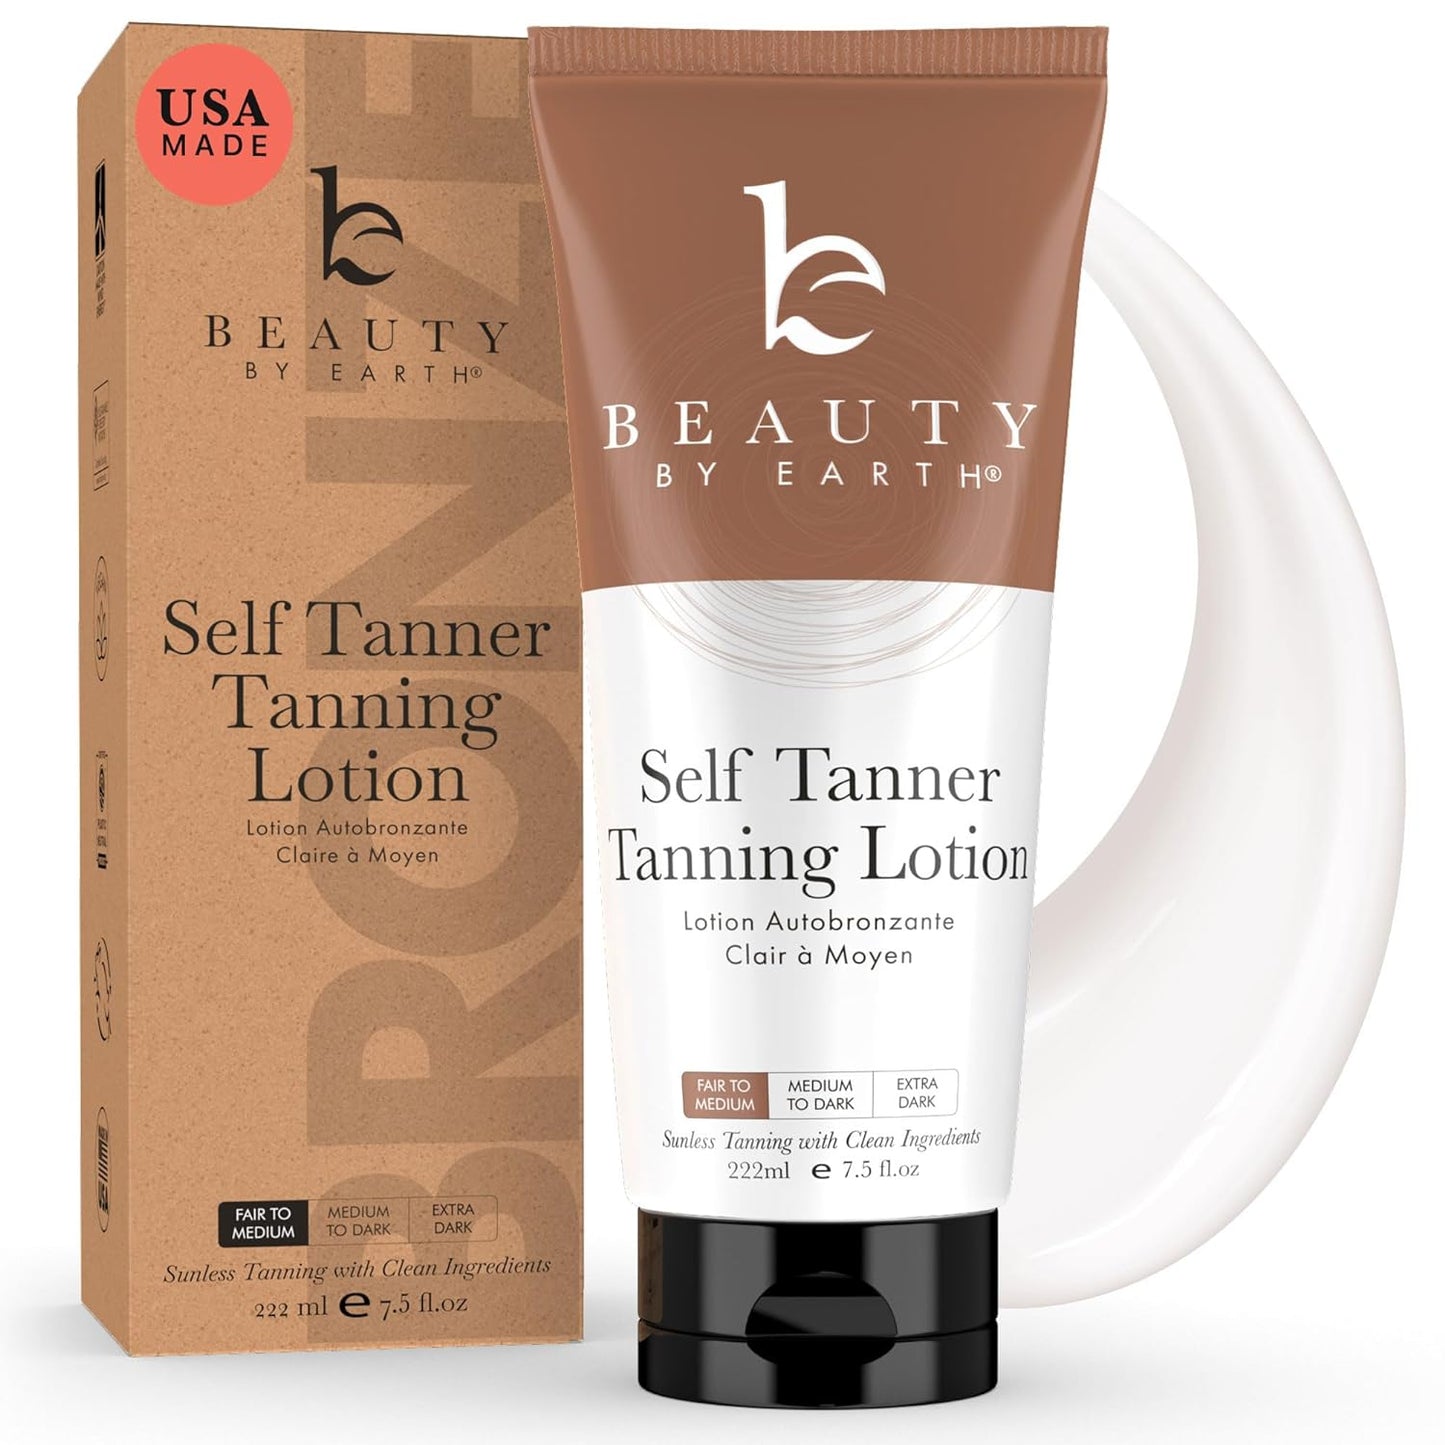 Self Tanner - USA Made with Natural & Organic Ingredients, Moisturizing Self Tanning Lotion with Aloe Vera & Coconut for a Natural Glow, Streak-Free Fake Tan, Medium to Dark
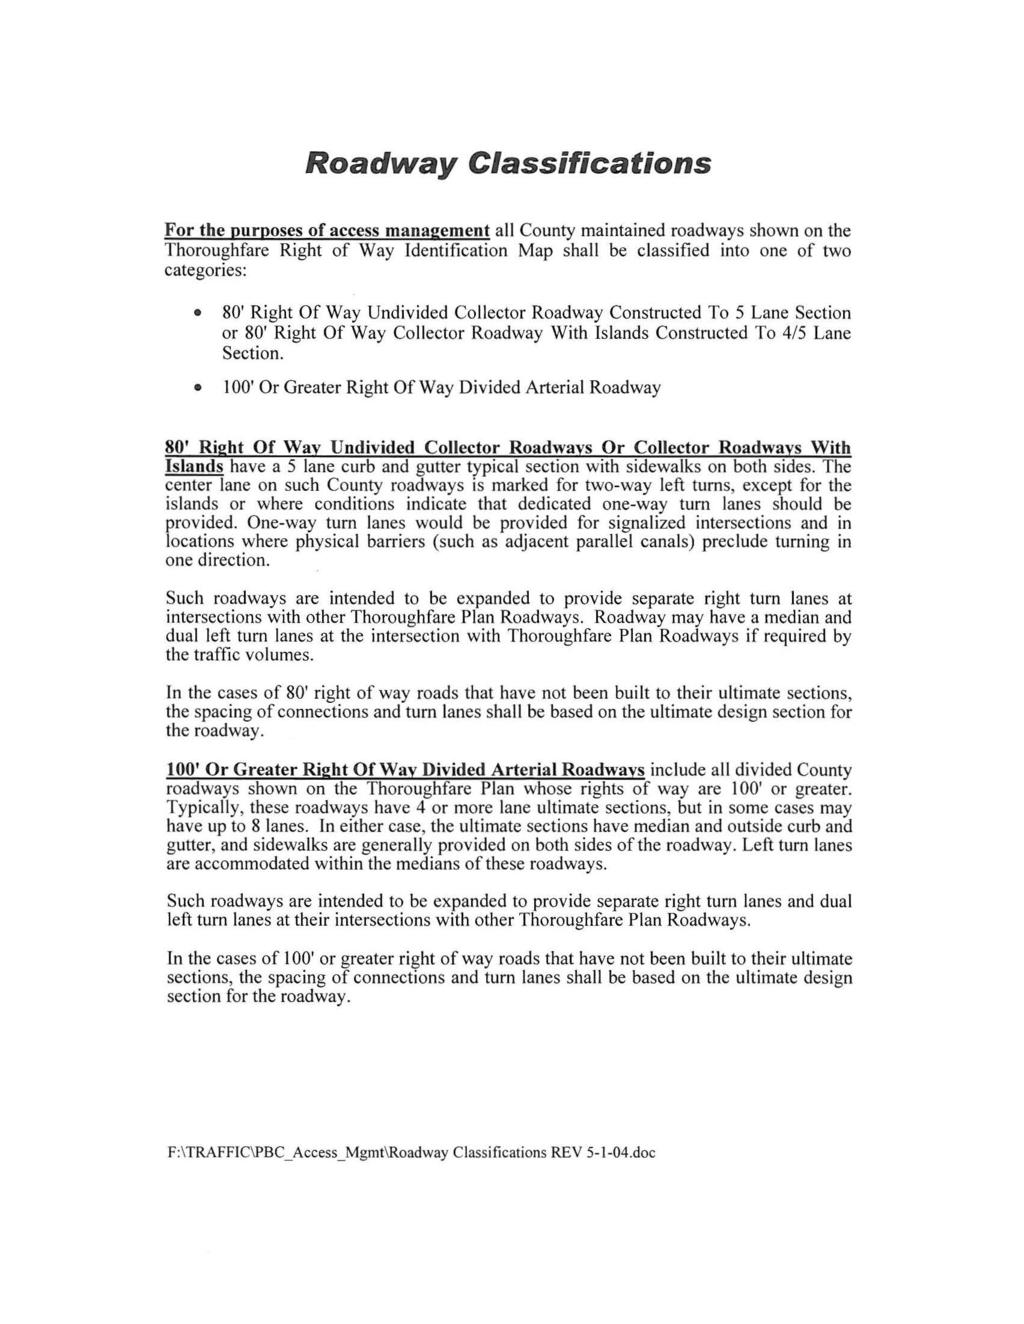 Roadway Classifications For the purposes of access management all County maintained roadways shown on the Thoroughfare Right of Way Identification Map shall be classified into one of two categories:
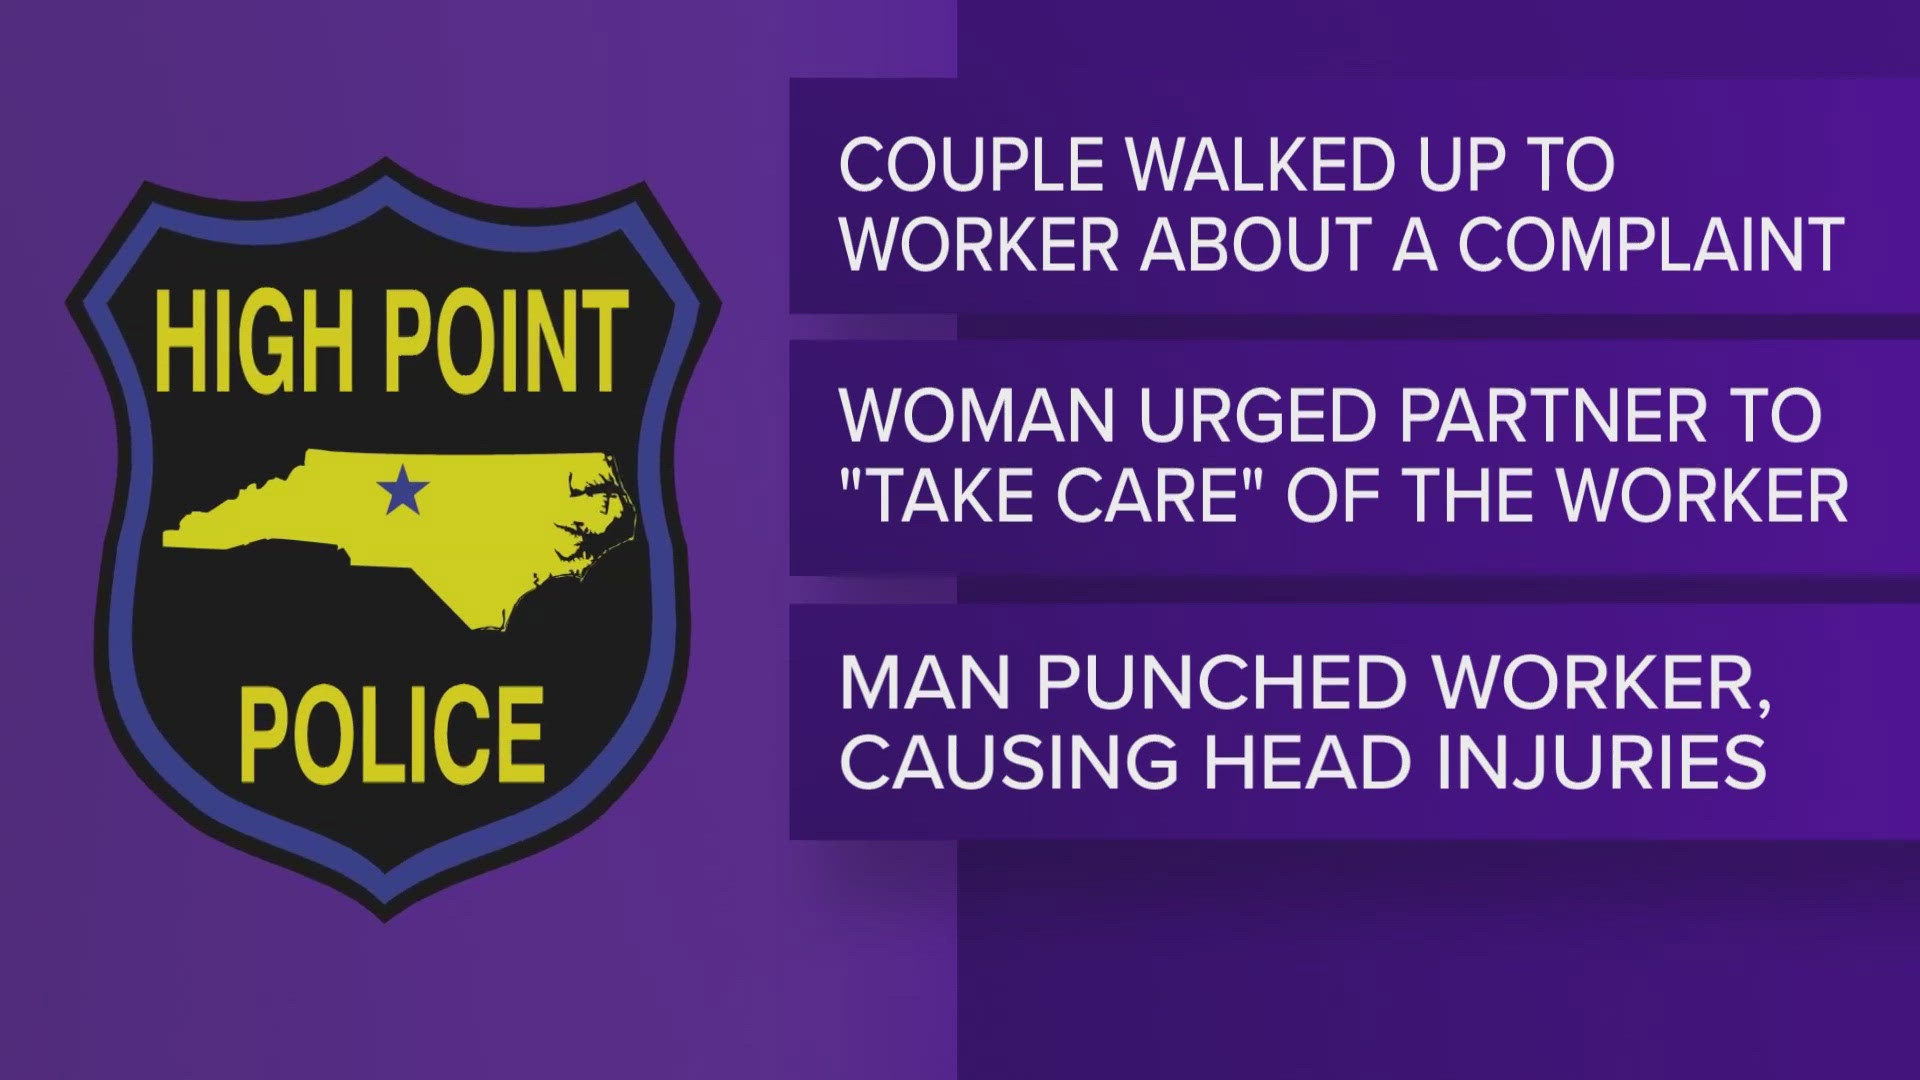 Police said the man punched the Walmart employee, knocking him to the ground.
━━━━━━━━━━━━━━━━━━━━
> [WORK REQUIRED]:
An exact printout of the listing is needed, minus any pictures it contains.

> [EXERCISE ANSWER]:
 Self Tanner - USA Made with Natural & Organic Ingredients, Moisturizing Self Tanning Lotion with Aloe Vera & Coconut for a Natural Glow, Streak-Free Fake Tan, Medium to Dark
 Roadway Classifications For the purposes of access management all County maintained roadways shown on the Thoroughfare Right of Way Identification Map shall be classified into one of two categories:
 Police said the man punched the Walmart employee, knocking him to the ground.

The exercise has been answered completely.